First, you are lowering the principal balance at a faster rate which puts you on the fast track to no more student loans. Second, you are actually fighting interest capitalization by cutting away at the overall loan balance (similar to paying interest early, but this goes one step further).
This tip is a solid way to eliminate student loans for obvious reasons, but not everyone has the luxury of spending more each month.

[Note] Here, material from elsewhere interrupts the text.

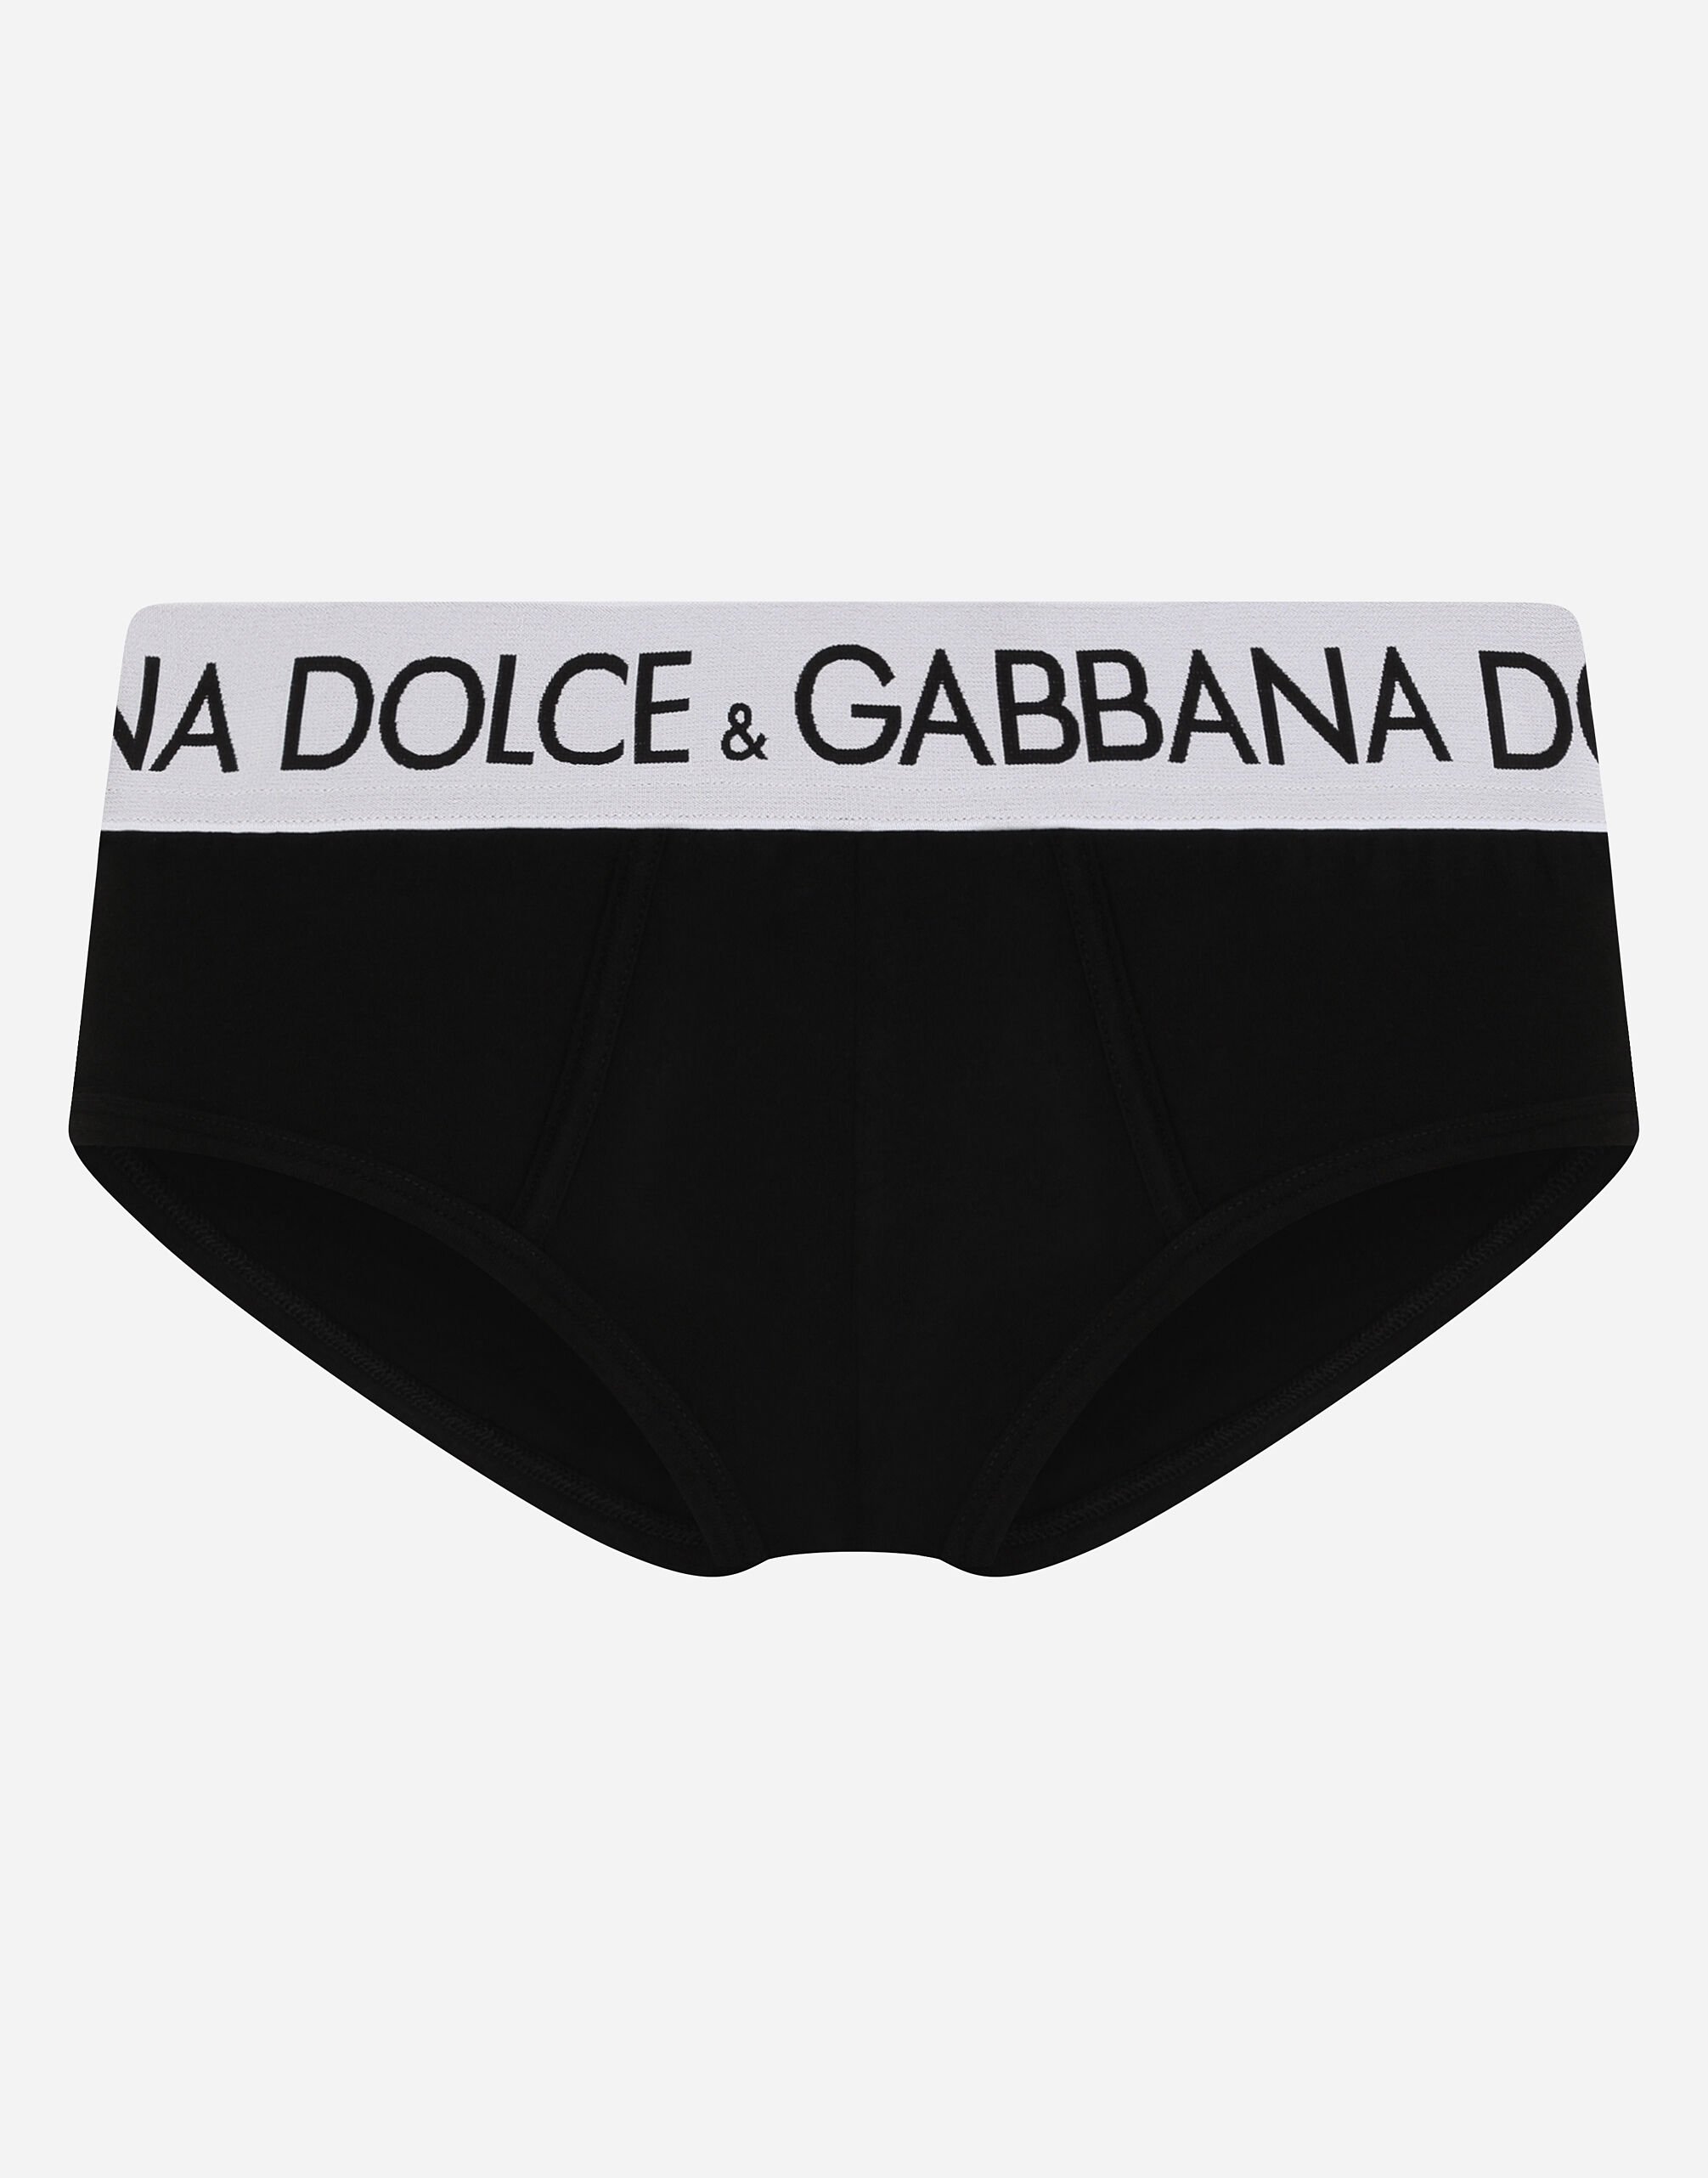 Dolce & Gabbana Brando two-way stretch jersey briefs White M4E67JOUAIG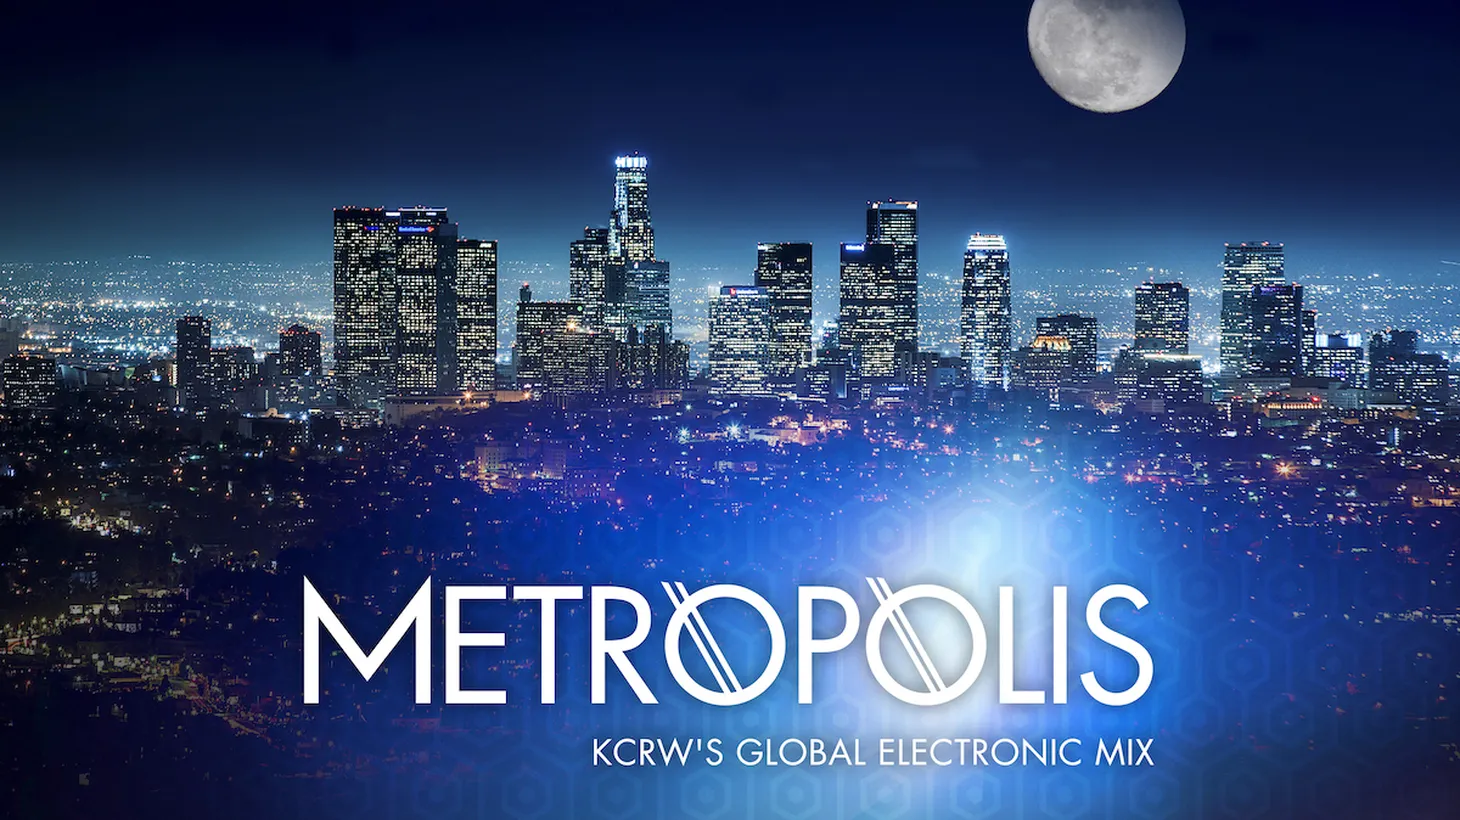 Metropolis playlist, October 2, 2021.

If you happen to have additional funds available, then making larger monthly payments is definitely a good way to reverse the growth of student loan debt.
Subsidized Federal student loans are probably the most desirable loan for higher education. These loans can be acquired by filling out the Free Application for Federal Student Aid (FAFSA), but they are only offered to students who fit a certain financial need threshold.
This threshold makes it harder to qualify, but it doesn’t change the fact that they are better options than private student loans or unsubsidized student loans.
Students with subsidized student loans benefit because the government pays the interest during grace and deferment periods.
This means you do not have to worry about the snowball effect mentioned earlier without actually having to make interest payments yourself.
Just to clarify, there are multiple federal programs that offer student loan forgiveness.
Some examples of these loans include teacher loan forgiveness, public servant loan forgiveness, and loan discharges due to disability/death.
These programs have criteria requirements that applicants need to meet in order to enroll in a program. If you qualify for one of these programs, there are two basic scenarios to look forward to.
First, your loans are forgiven outright, or second, you receive partial loan forgiveness.
Here are more details.
It is clear which scenario is more desirable, but you have to remember there are criteria standards. Total student loan forgiveness is offered for cases involving bankruptcy, permanent disability, or death, but these are not conditions anyone wants to strive for. Partial loan forgiveness is a much more common option.
Teachers can qualify for up to $17,500 in loan forgiveness after working in the field, and public servants can have their remaining loans forgiven after making 120 payments (or 10 years).
Wrapping it up
With the outstanding student loan debt toll reaching into the trillions of dollars, it's no surprise that people are facing debt troubles. Despite the trouble you can find yourself in, you can find help, too.
There are plenty of government programs that help alleviate tensions, but the best place to get help is from yourself. Many of the options on this list require the student loan debtor to put in some effort to help themselves.
At the end of the day, proactivity and diligence are the best weapons you have in your arsenal for the student loan struggle!
Thanks for reading and hope this helped you figure out your student loan refinancing options.